A política externa, portanto, não ficará separada da economia. Um governo que consiga ampliar mercados, preservar relações estratégicas e reduzir riscos comerciais poderá fortalecer a posição brasileira em um cenário internacional fragmentado. Por outro lado, uma escalada de conflitos diplomáticos pode aumentar incertezas para empresas, investidores e exportadores.
O que o resultado pode significar para o papel do Brasil no mundo
A eleição também acontece enquanto o sistema internacional passa por uma transformação mais ampla. Estados Unidos e China disputam influência tecnológica e econômica, governos utilizam tarifas como instrumentos de política industrial e países buscam maior autonomia em setores estratégicos. Nesse ambiente, o Brasil possui vantagens importantes, como produção agrícola em larga escala, recursos minerais, matriz energética relativamente diversificada e capacidade de atuar simultaneamente em diferentes grupos diplomáticos.
A campanha de Lula já incorporou parte dessa visão ao destacar a necessidade de autonomia nacional e o potencial brasileiro em minerais estratégicos. (AP News) Isso indica que temas tradicionalmente associados à política externa, como comércio, energia e recursos naturais, deverão ganhar espaço no debate eleitoral. Para empresas brasileiras, essas escolhas podem influenciar acesso a mercados, investimentos estrangeiros e políticas de incentivo à indústria nacional.
A eleição também terá impacto sobre a percepção internacional da democracia brasileira. O pleito de outubro será acompanhado por governos, investidores e organismos internacionais porque ocorre depois de anos de forte polarização política e de disputas envolvendo instituições brasileiras. A forma como candidatos, instituições e eleitores conduzirem o processo poderá contribuir para reforçar ou enfraquecer a imagem de estabilidade política do país.
Para o brasileiro, entretanto, o impacto mais concreto aparecerá em áreas do cotidiano. Mudanças na política comercial podem afetar empregos ligados à exportação; alterações cambiais podem influenciar preços de produtos importados; novas alianças tecnológicas podem determinar investimentos em infraestrutura digital; e decisões sobre energia e minerais podem abrir ou fechar oportunidades econômicas. O cenário internacional não está distante da vida doméstica: ele chega ao país por meio dos preços, dos empregos, dos investimentos e das oportunidades de negócios.

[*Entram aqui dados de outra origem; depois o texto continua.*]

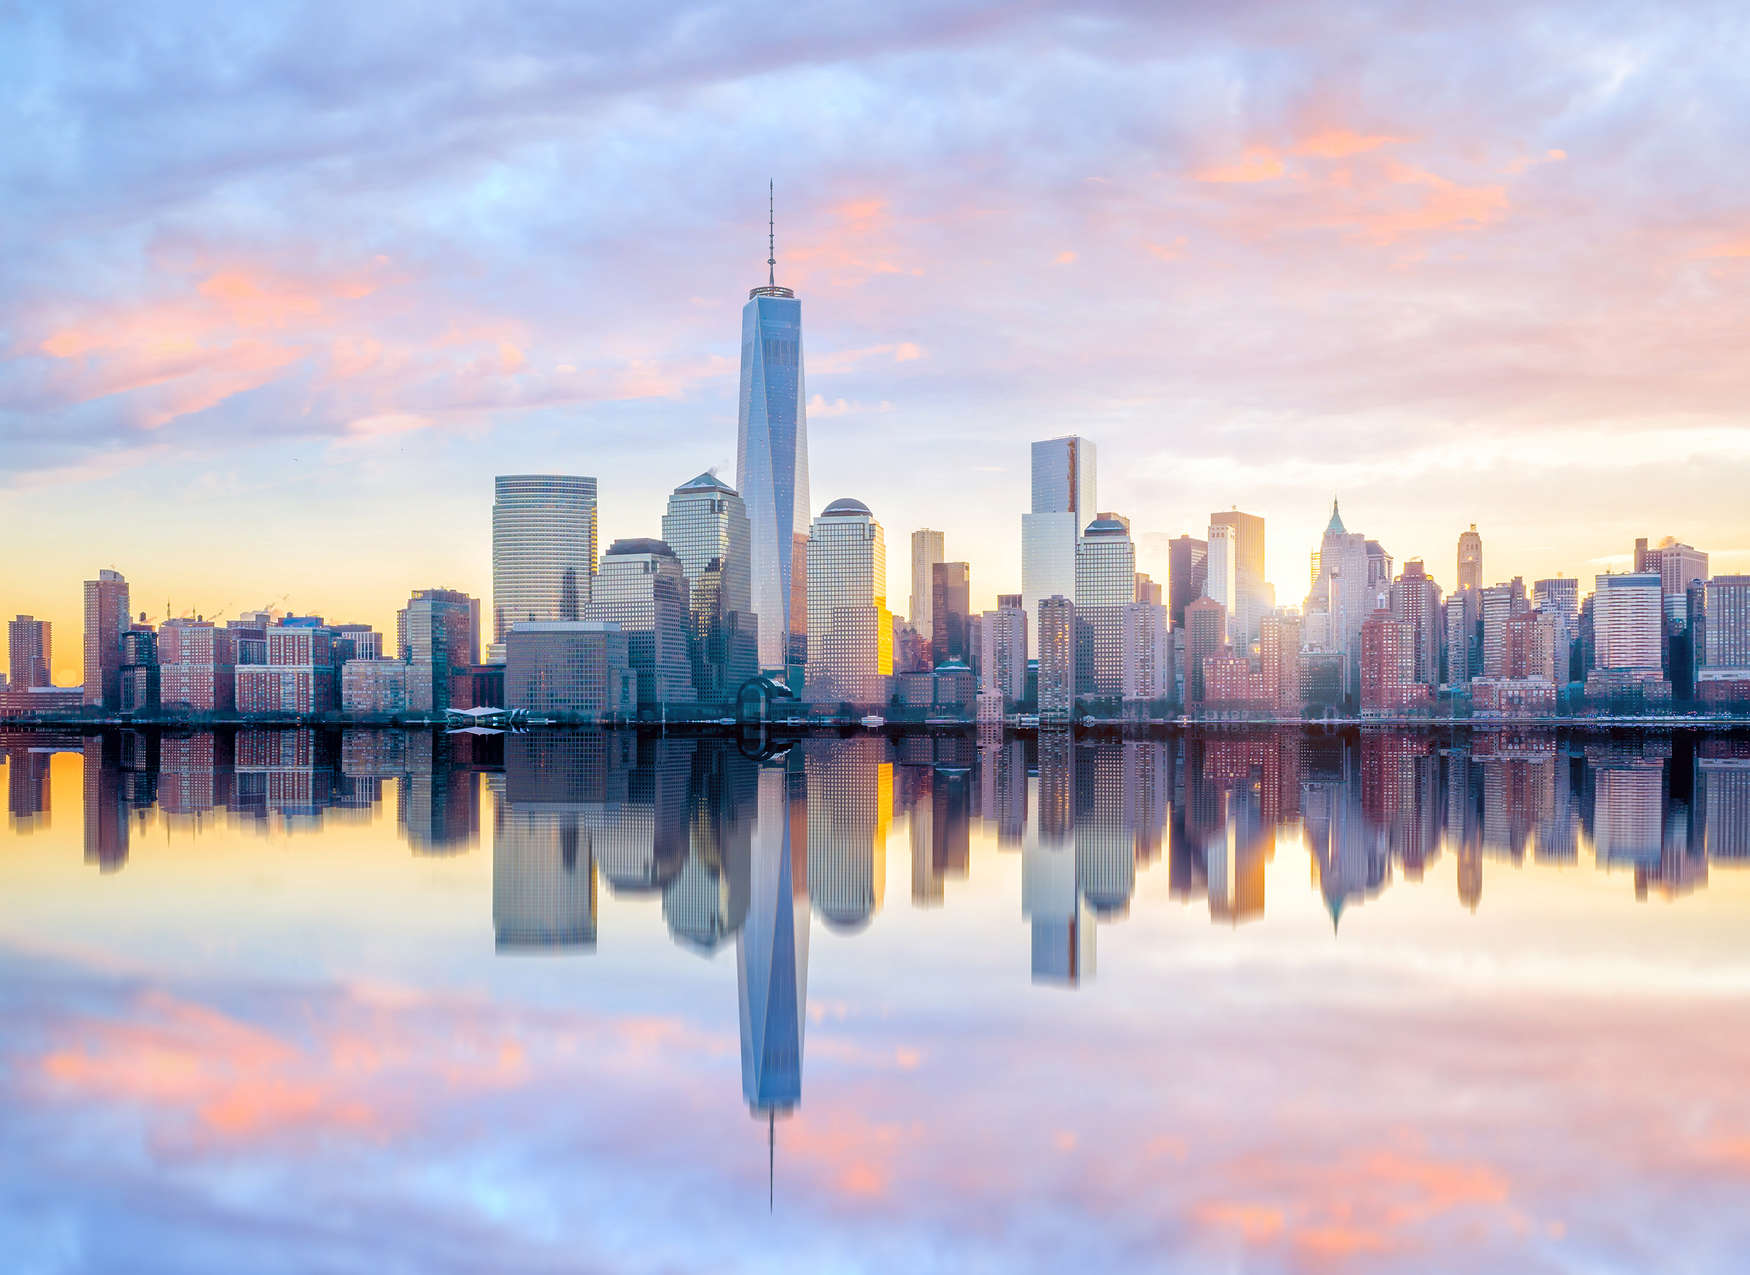             Digital behang New York Skyline in de ochtend - Blauw, grijs, geel
        
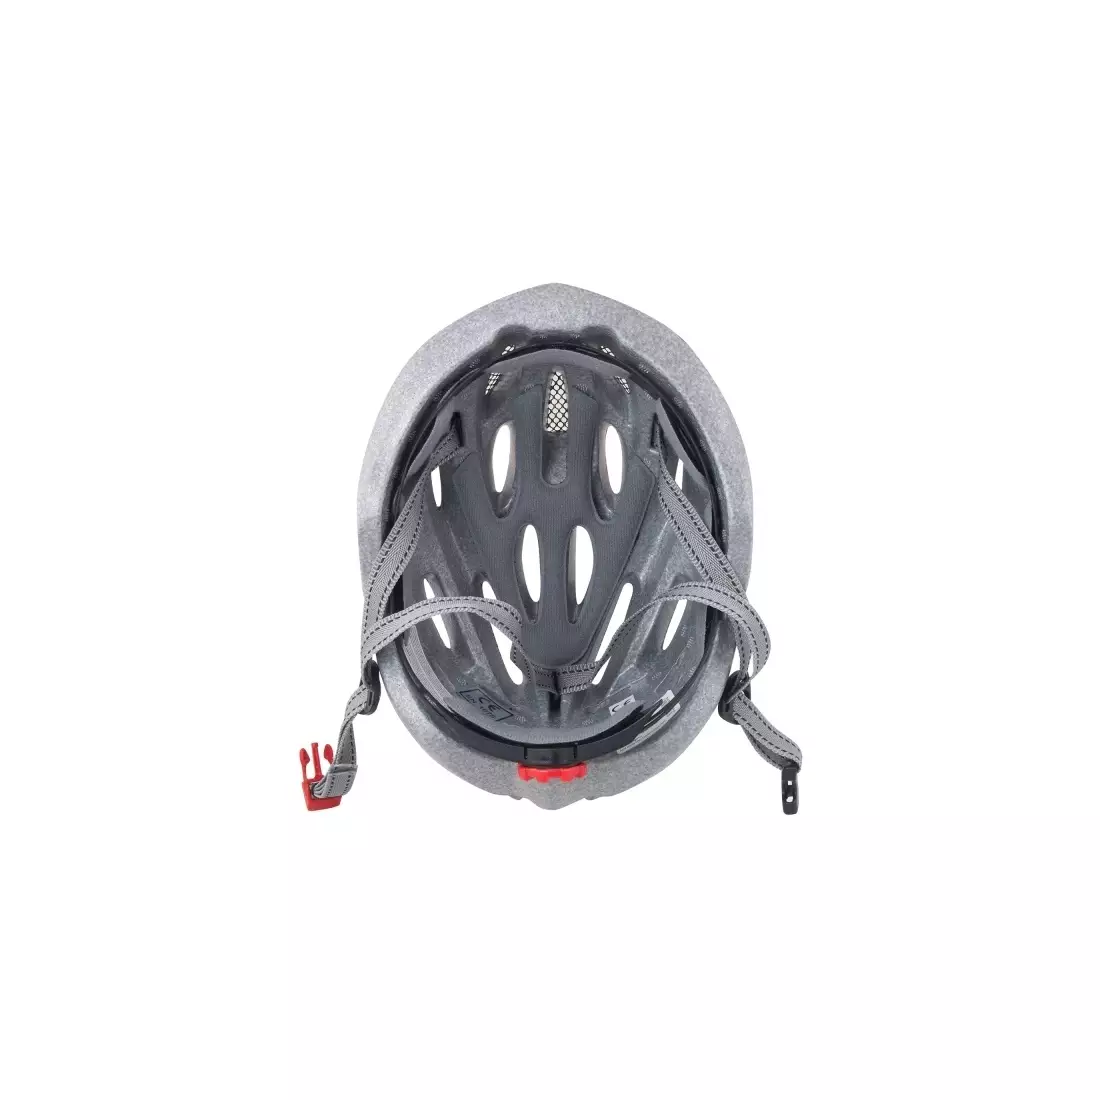 FORCE bicycle helmet HAL, black, 902475

Os próximos meses deverão mostrar se a eleição será marcada principalmente por questões internas ou se a política internacional ocupará espaço ainda maior na disputa. Com Estados Unidos e China mais presentes no debate brasileiro, tarifas comerciais em vigor e investidores observando a estabilidade econômica, o resultado das urnas terá repercussões que ultrapassam as fronteiras nacionais. O Brasil continuará sendo um país relevante para o equilíbrio econômico e político da América Latina, mas sua capacidade de transformar esse peso em influência dependerá das escolhas feitas pelo próximo governo. Para quem acompanha a política brasileira, entender essa dimensão internacional será essencial para compreender o que estará realmente em jogo em 2026.